2. Капиталистическое общество отличается от всех ему предшествующих тем, что воспроизводит само себя в стоимости. Для понятия коммунизма это означает, что — а это, как часто это бывает с логическими операциями в начале, абсолютно банально — коммунизм следует только тогда понимать как прогресс по отношению к существующему обществу, если он не опускается до формы общественного синтеза, за граница которого капитализм выходит уже и сам. Цивилизационное преимущество капитализма перед всеми остальными, до сих пор исторически осуществлёнными формами обобществления, какими бы разными они ни были, заключается — и все эту банальную правду знают, но большинство на неё плюёт, как только она начинает принимать конкретные формы — в том, что традиционные, личные, основанные на непосредственности формы зависимости сменились неличной, абстрактной системой правовых и товарообразных отношений. Философски этот фундаментальный прогресс в истории человечества проявляется в том, что аристотелево представление о правде и разуме сменилось на кантианское либо гегелевское — пусть даже, как я ещё покажу, на очень короткое время и только теоретически. Для понимания коммунизма из этого, во всяком случае, логически неопровержимо следует, что люди объединяются не в форме, основанной на какой бы то ни было личной зависимости. Поэтому коммунизм именно в этом центральном аспекте не может отличаться от буржуазного общества, отличаясь от него фундаментально, и тут-то заканчиваются любые банальности: опосредование, на котором в нём создаются отношения между людьми, являются, как и в буржуазном обществе, абстрактными, вещественными, horribili dictu — овеществлёнными. Tertium non datur, как говорят логики. Лишь как опосредованные вещественно человеческие отношения могут мыслиться (а тем более быть реализованы) свободными от власти и эксплуатации.
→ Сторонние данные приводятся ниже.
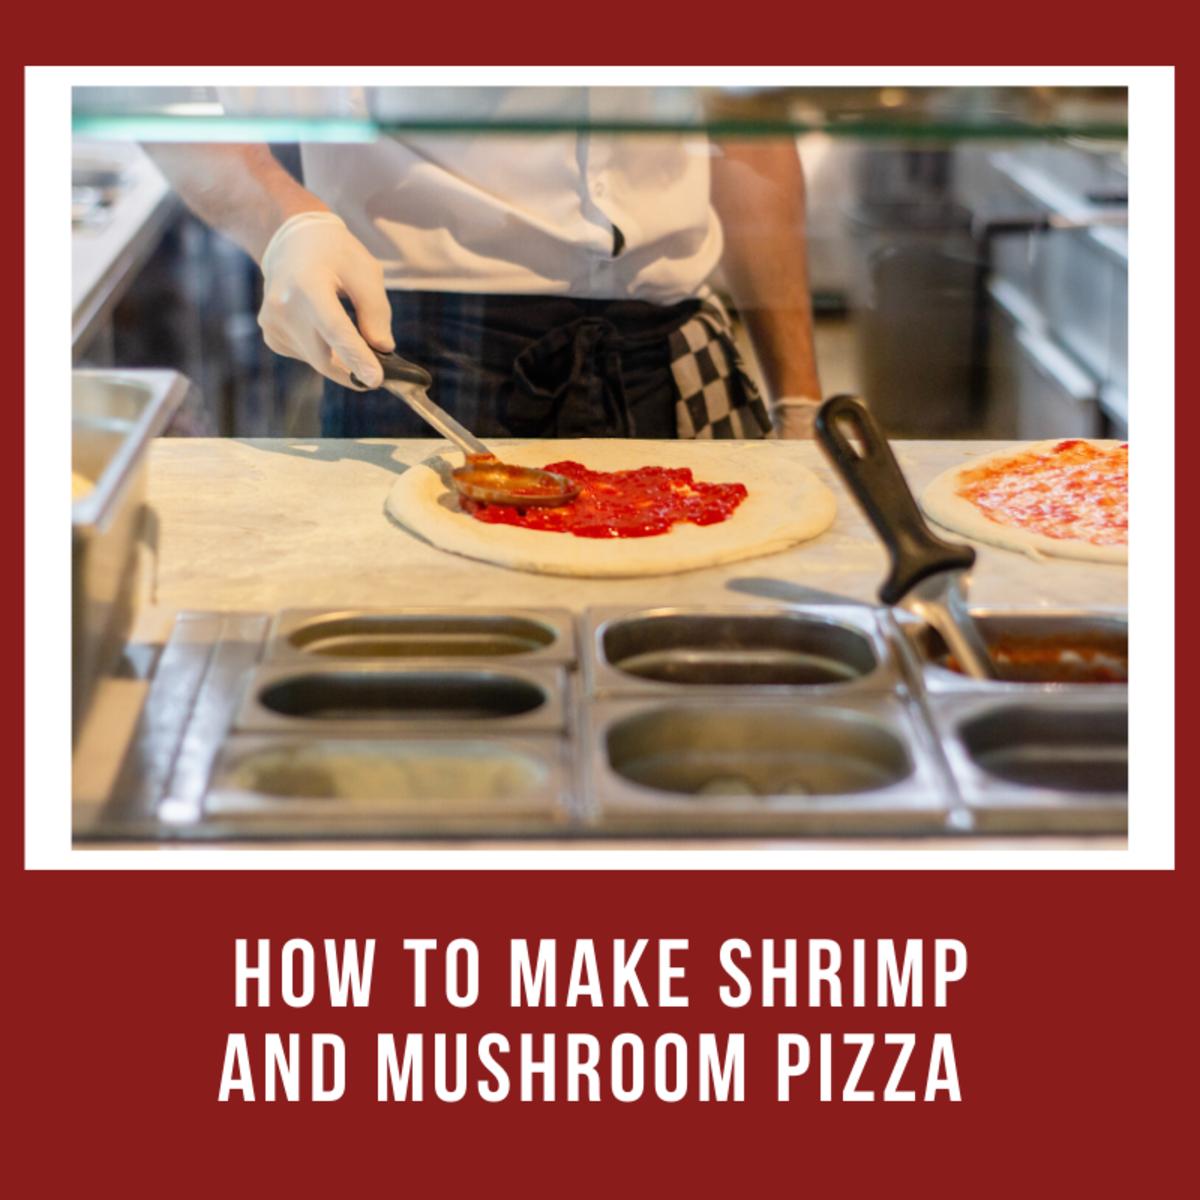 Shrimp and Mushroom Pizza With Vodka Sauce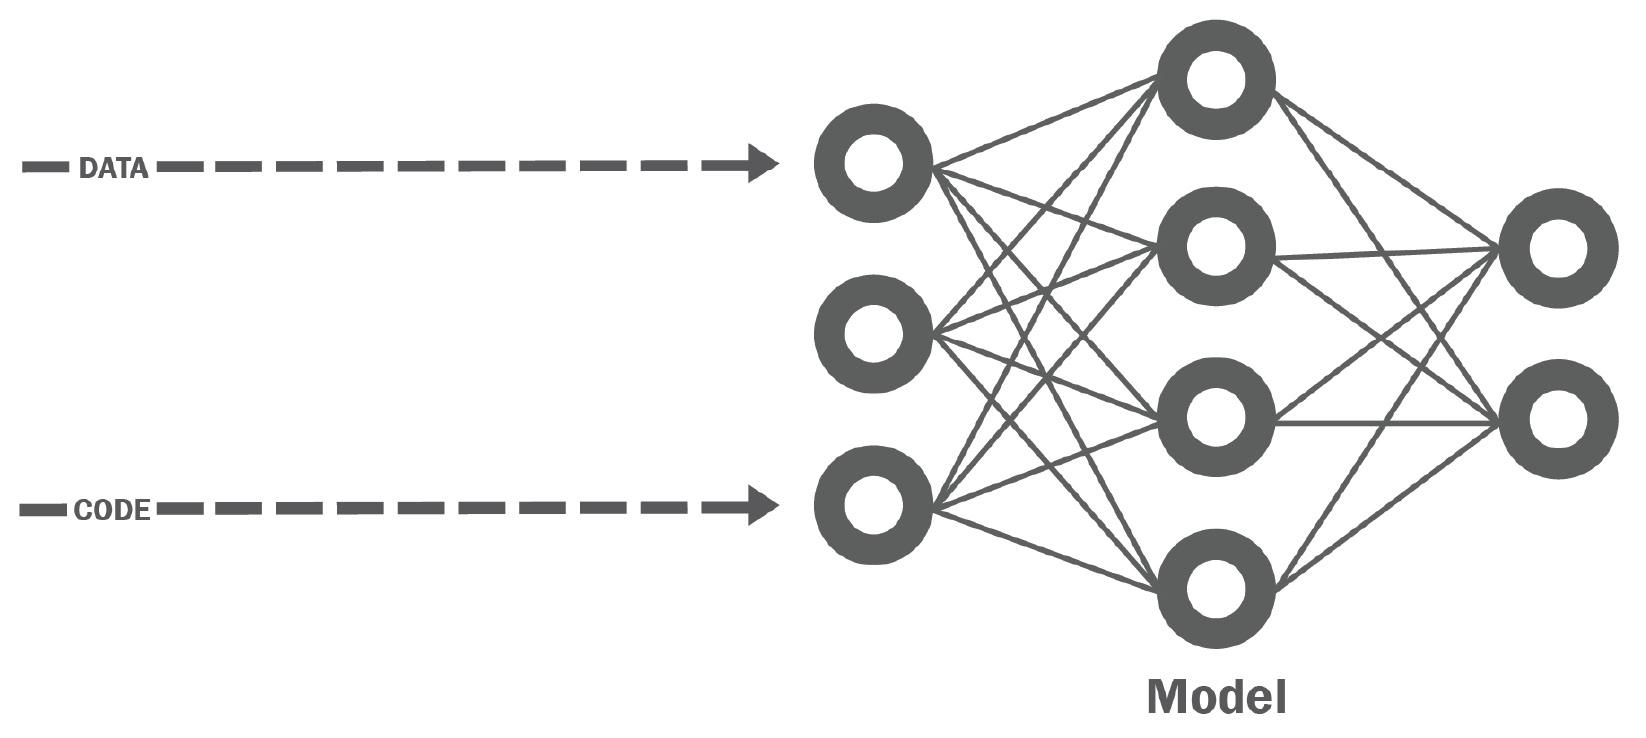 Figure 1.5 – Machine learning = data + code

3. В до-буржуазном, т.е. аристотелевском понимании правды свобода от власти не представима вообще и не существовала как мысль. Посему утопии и тому подобные хилиастские мечтания об Атлантиде не достигают уровня аристотелевского понятия разума: они аргументируют — так это называется на философском языке — платонически-идеалистически. Как бы с этой позиции, т.е. в до-буржуазном мышлении вообще, ни мыслилась правда, обладание разумом в любом случае является привилегией: оно зарезервировано за аристократией, будь то за царём, за философом, мудрецом или за божеством. Власть сама является частью этого разума — собственно, она представляет собой его практику. В этом мышлении власть может быть только справедливой или изменяться каким-либо образом, но никогда не быть полностью упразднённой. Разум есть просто инструмент, посредством которого существующие в природе личные отношения зависимости, могут регулироваться согласно тому, что в обществе считается высшей ценностью. В природе — это следует подчеркнуть: если принять точку зрения аристотелевского эмпиризма, то кто в здравом рассудке может отрицать, что старики менее сильны, чем молодые, что философы более умны, чем ремесленники, что женщины и рабы менее ценны, чем мужчины, и т.д. и т.п. Continue reading “Единство в разделённости. Тезисы о коммунизме”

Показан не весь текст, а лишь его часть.